Distribution without representation? Beyond the rights of nature in the southern Ecuadorian highlands
  • 1 School of Social and Political Sciences, University of Melbourne

Despite the fact that Ecuador has arguably the most biocentric constitution in the world, deepening national investment in extractive development projects has left communities on the frontlines of these projects desperate for greater participation in decision-making processes currently monopolized by centralized ministries. The result has been a flourishing over the past two years of sub-national judicial and non-judicial challenges to strategic mining projects. Integral to these challenges is the constitutional language of rights for nature (Articles 71–4). Drawing on ethnographic research around the Río Blanco gold and silver mine in the southern highland province of Azuay, this article explores the diverse and surprising ways in which these environmental rights are being taken up as part of fundamental challenges to the decision-making monopolies of the Ministries of the Environment and of Mining.
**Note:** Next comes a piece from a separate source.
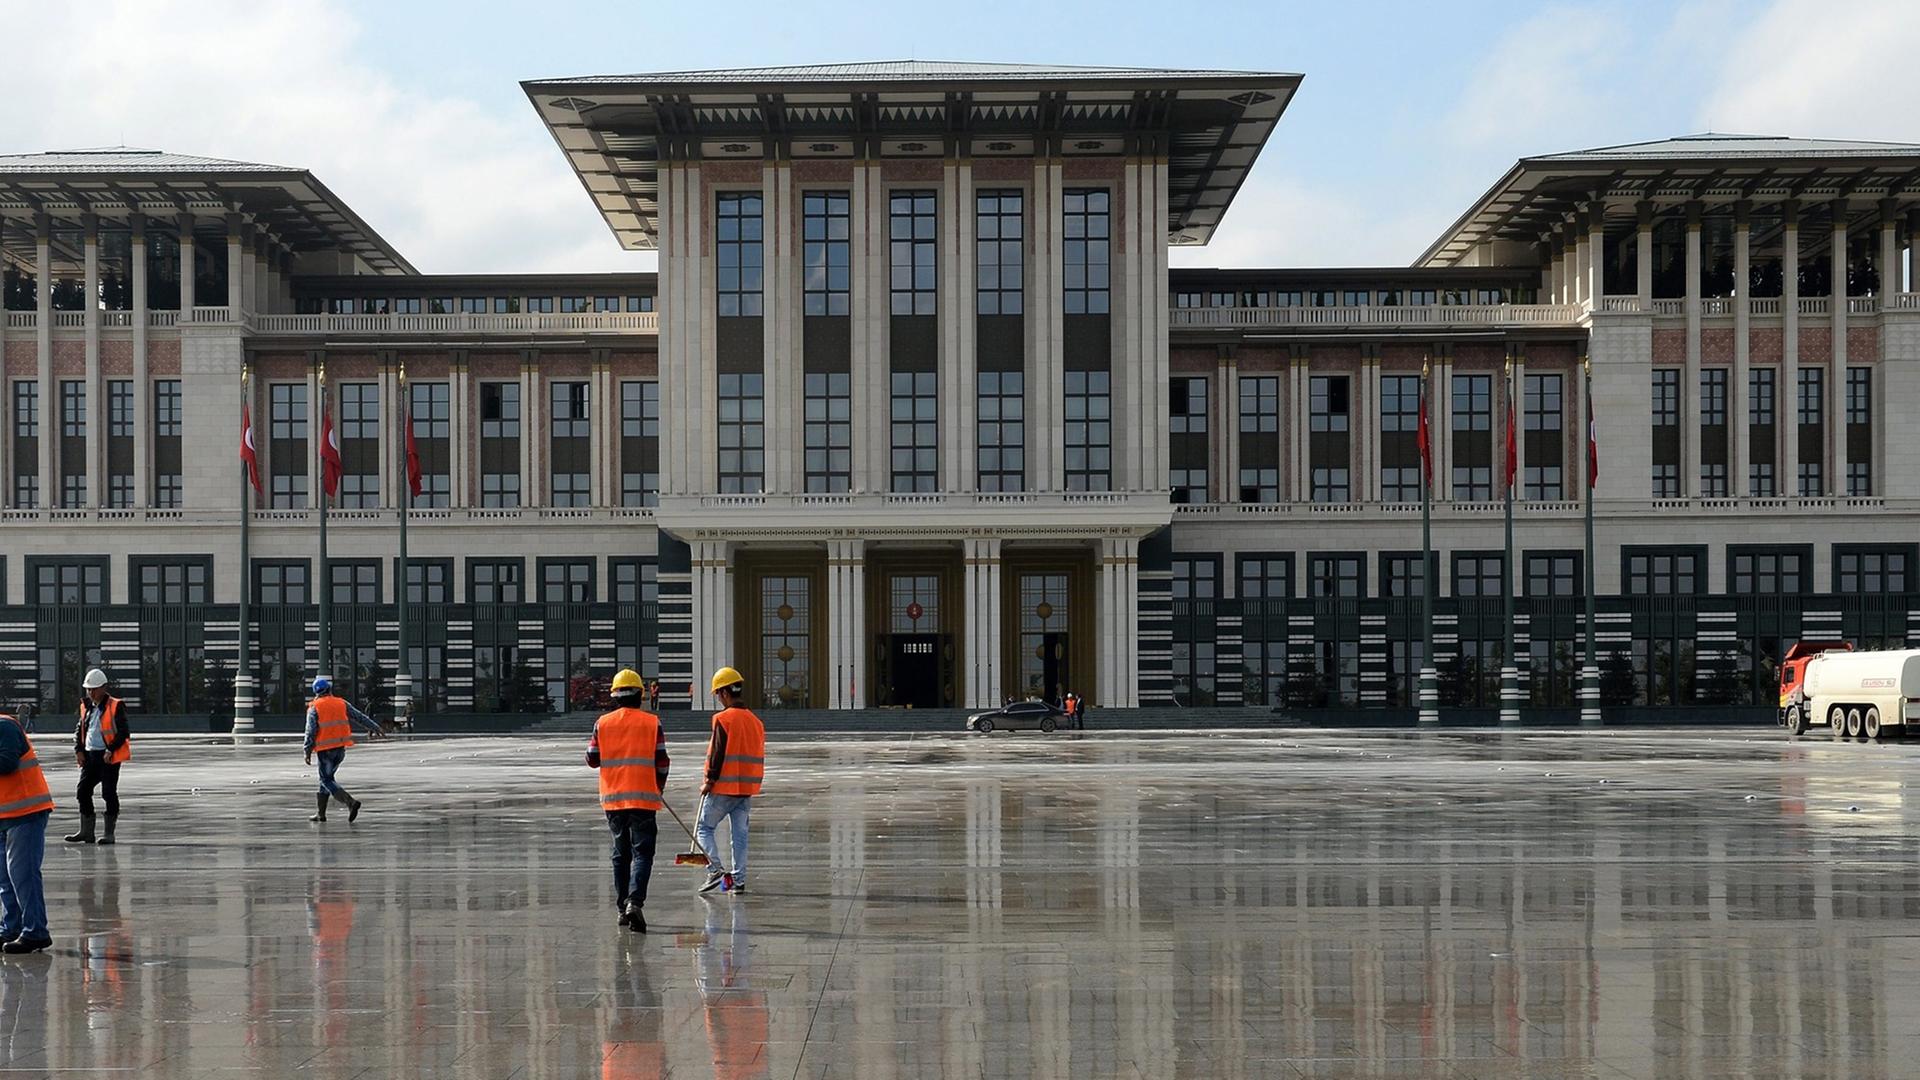 Blick auf den neuen Amtssitz von Tayyip Erdogan in Ankara, genannt "Der Weiße Palast"

While numerous scholars of human and indigenous rights have recently lamented the fact that ‘rights-talk’ often appears unable to arrest or destabilize extractive imperatives, the case of Río Blanco suggests that, when embraced as part of wider social struggles for representation, rights-based approaches might be more potent than is currently being recognized. They may even encourage an important reorientation of some of the binaries that continue to preoccupy critical scholars of development.